--- SOURCE MATERIAL Enclosed Below ---

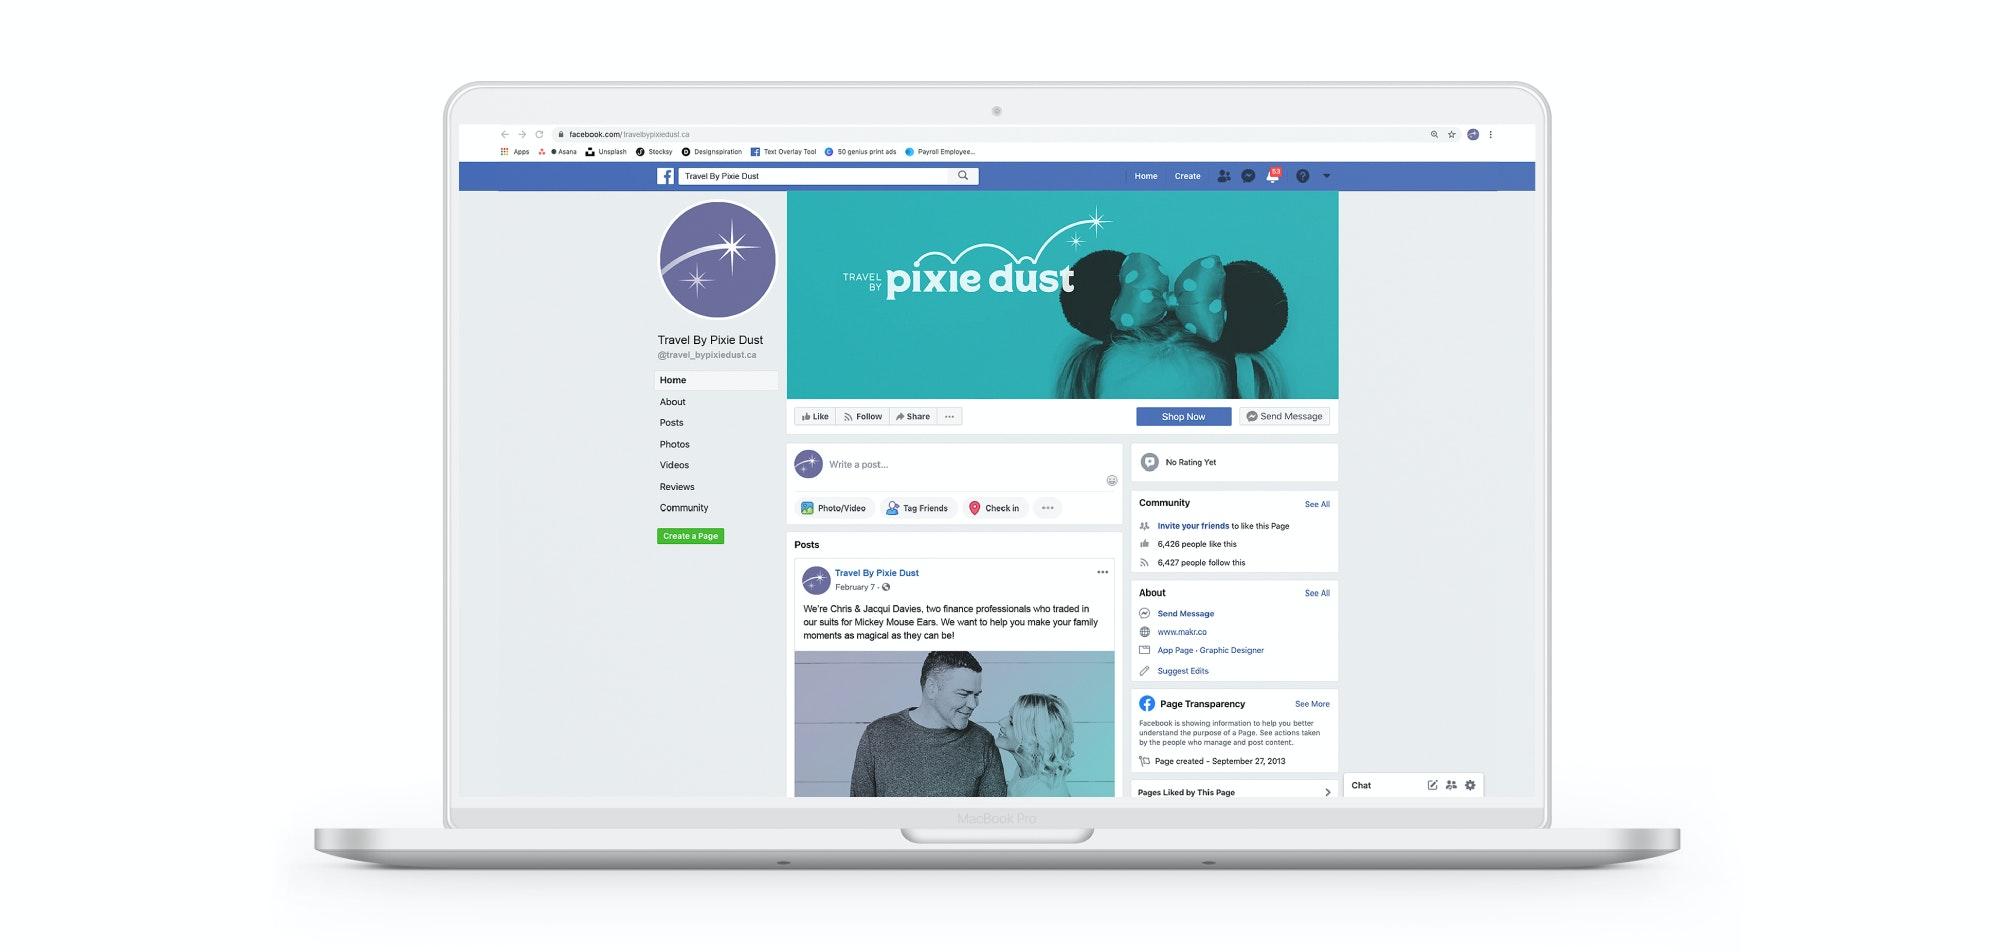 TBPD Facebook page design
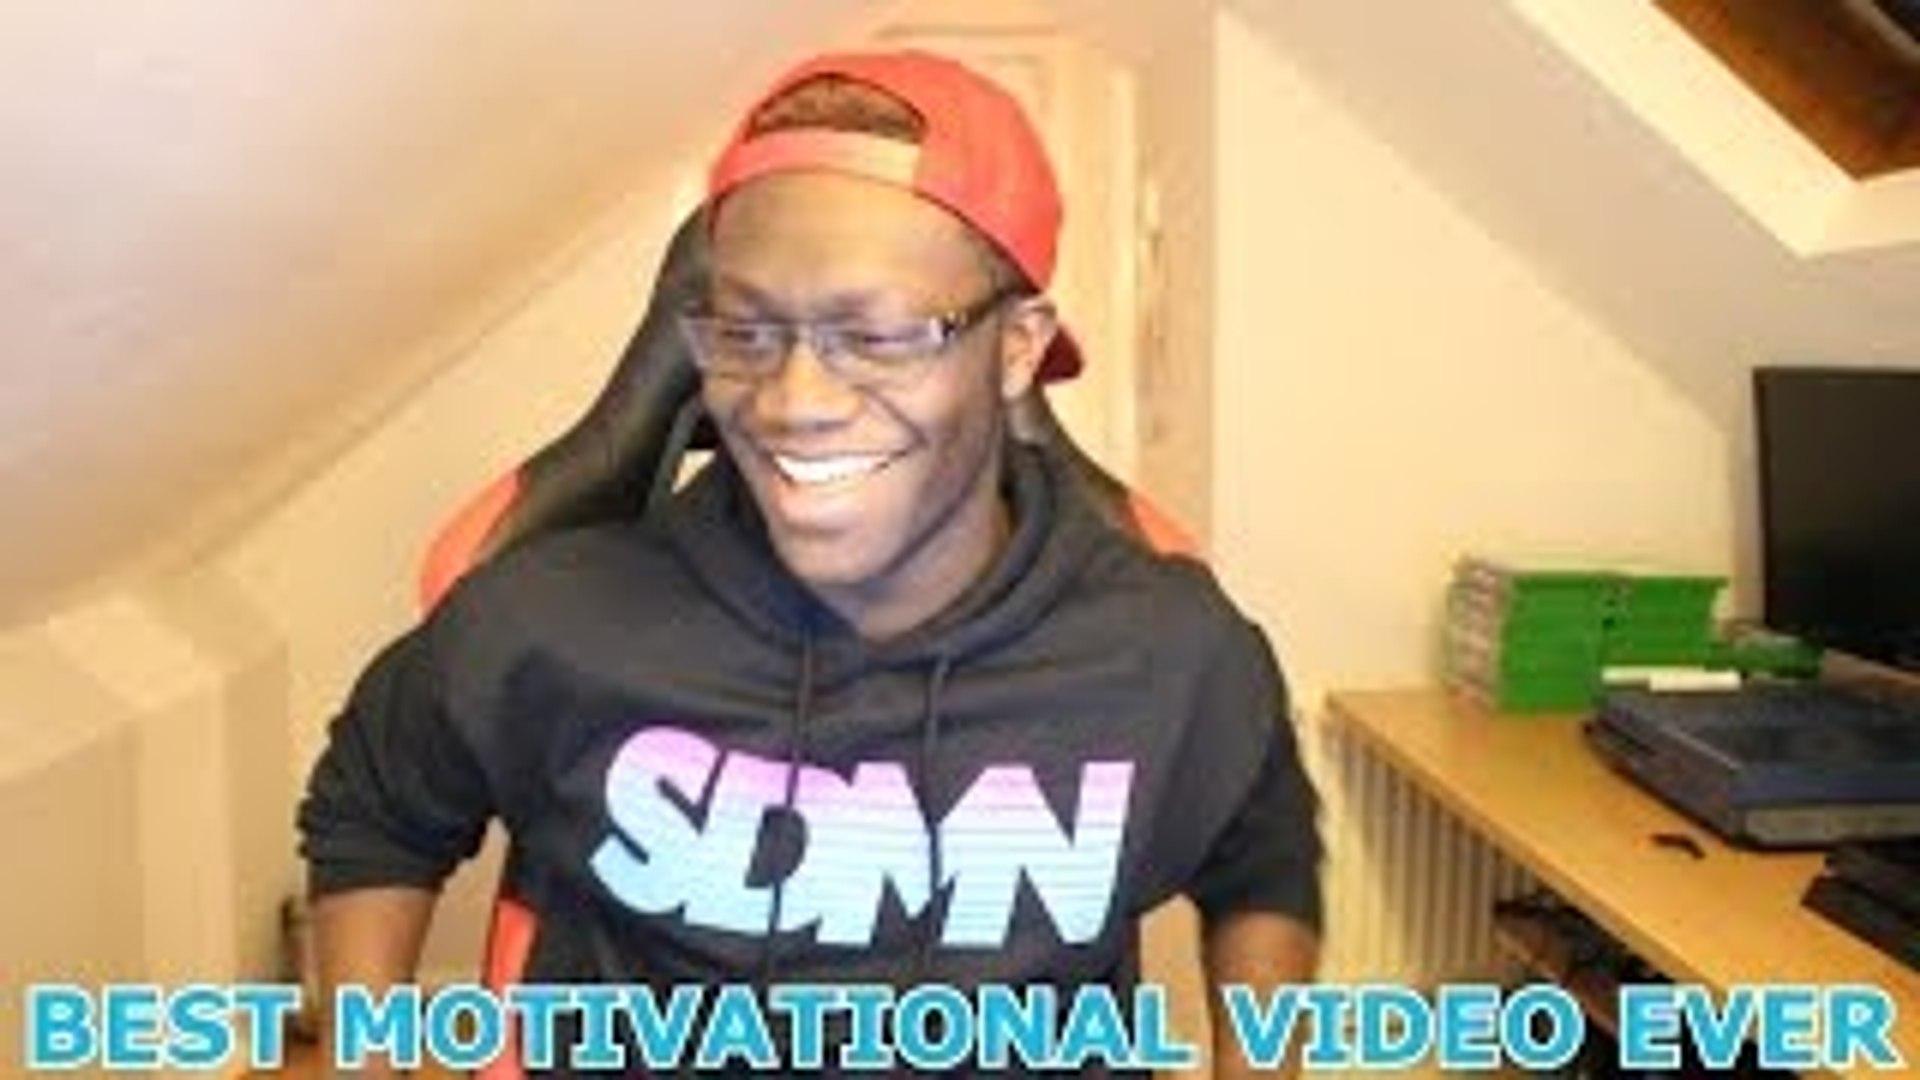 BEST MOTIVATIONAL VIDEO EVER
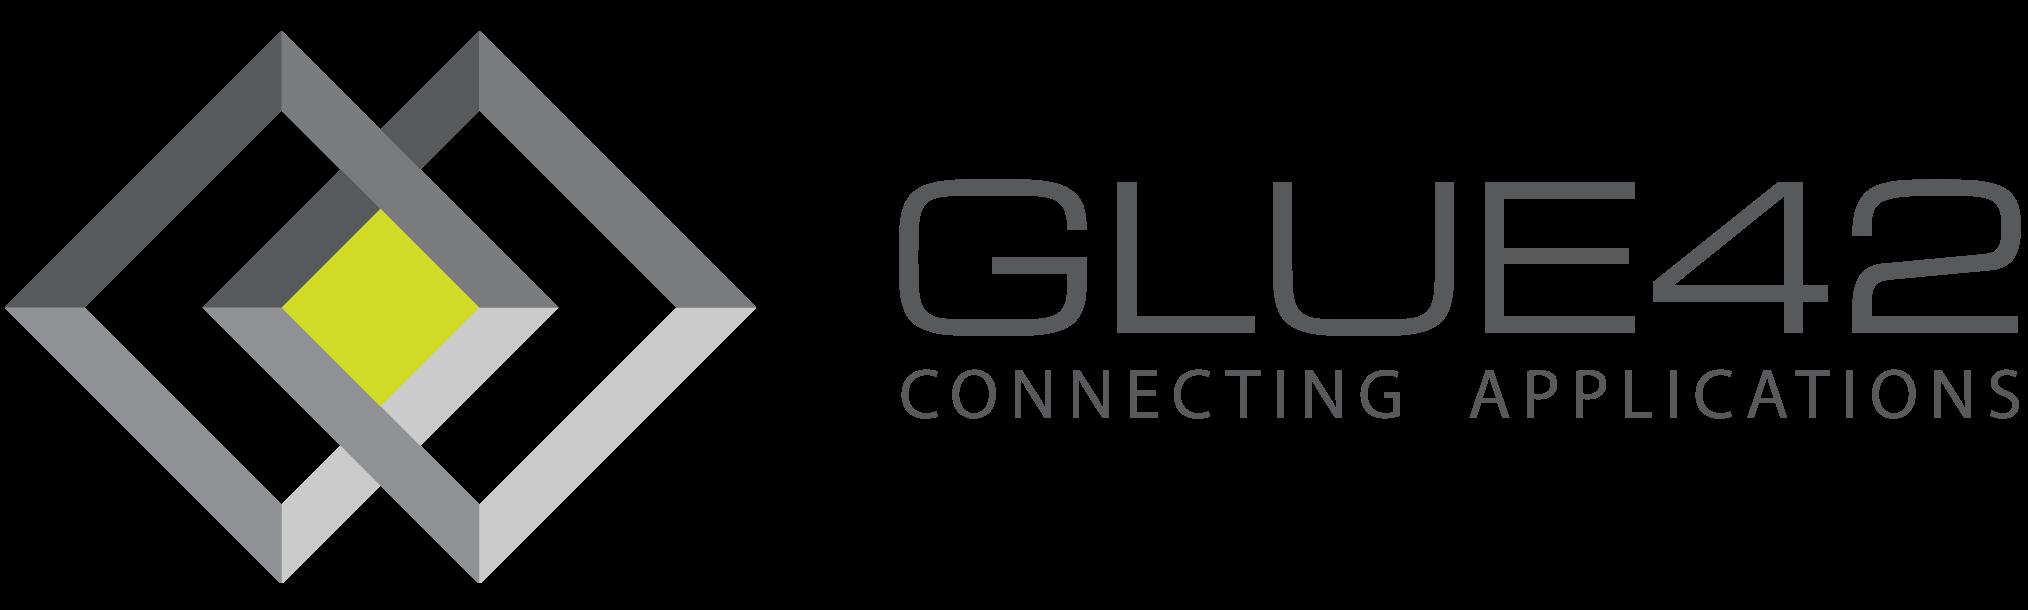 GLUE42.png

--- End of Enclosed SOURCE MATERIAL ---

WHAT YOU NEED TO DO: The pictures stay out; copy the rest of the data word for word.

EXERCISE RESULT:
 TBPD Facebook page design
 BEST MOTIVATIONAL VIDEO EVER
 GLUE42.png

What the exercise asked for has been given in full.